I'm comfortable with women pooping. I'm not comfortable with seeing, smelling or hearing about it in ridiculous detail. That's not exclusive to women. I don't want to hear about men doing it either. Some things should stay private and pooping is one of them. Call me immature if you want, but I doubt you'd be comfortable with someone pooping in front of you or describing it while you're eating.


----------



## GotAnyGrapes (Dec 7, 2011)

"Let me see if I understand you correctly."

The reason i ask is because a grab of the bum isn't always as bad as you're trying to make it out to be, it is a sexual advance and it does work depending on context. To call all men perverts for grabbing a womans butt is wrong to be honest. 

If it was more than that then im sorry.
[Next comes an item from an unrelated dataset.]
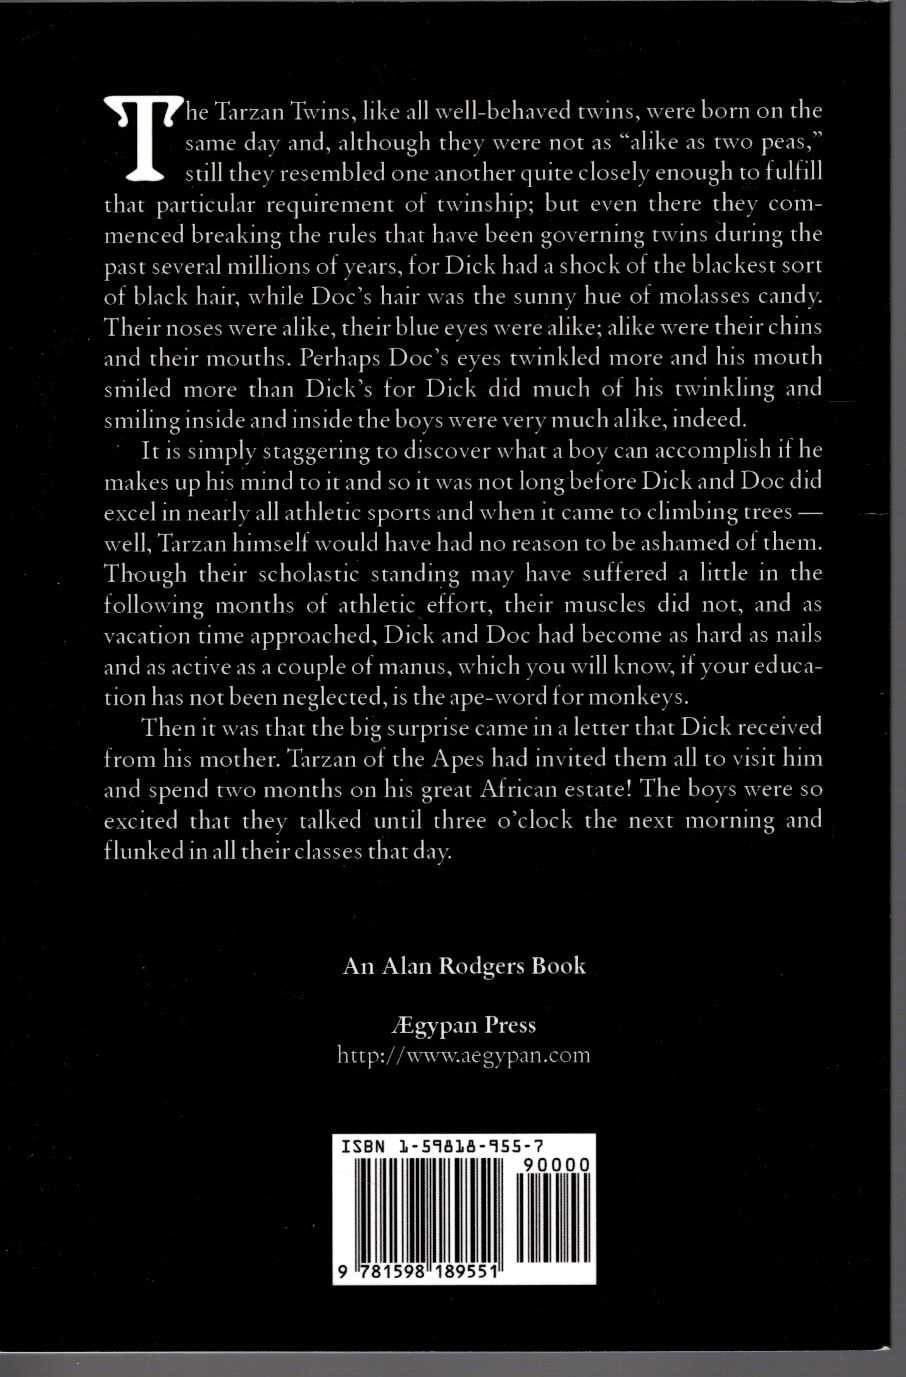 Edgar Rice Burroughs  THE TARZAN TWINS magnified rear book cover image

But not all men are evil, stop hating us!.

And yeah, i understand what you mean winter.


----------



## loquaciousintrovert (May 23, 2011)

At what point may it have occurred to you that it's not your place to tell me how bad or not bad it was? It was my body and mind it happened to, not yours.

The men who grabbed my butt were perverts. I wasn't calling ALL men perverts.


----------



## GotAnyGrapes (Dec 7, 2011)

loquaciousintrovert said:


> At what point may it have occurred to you that it's not your place to tell me how bad or not bad it was? It was my body and mind it happened to, not yours.


God you're stubborn, its like you're trying to win something here when theres really nothing to win.

"The men who grabbed my butt were perverts. I wasn't calling ALL men perverts."

Ok cool, they didn't hate you though. They were just d***s that dont know how to treat women. can we agree with that at least?.


----------



## DeeperUnderstanding (May 19, 2007)

So let me get this straight?

You are 27, never kissed, never had sex, never been in a relationship...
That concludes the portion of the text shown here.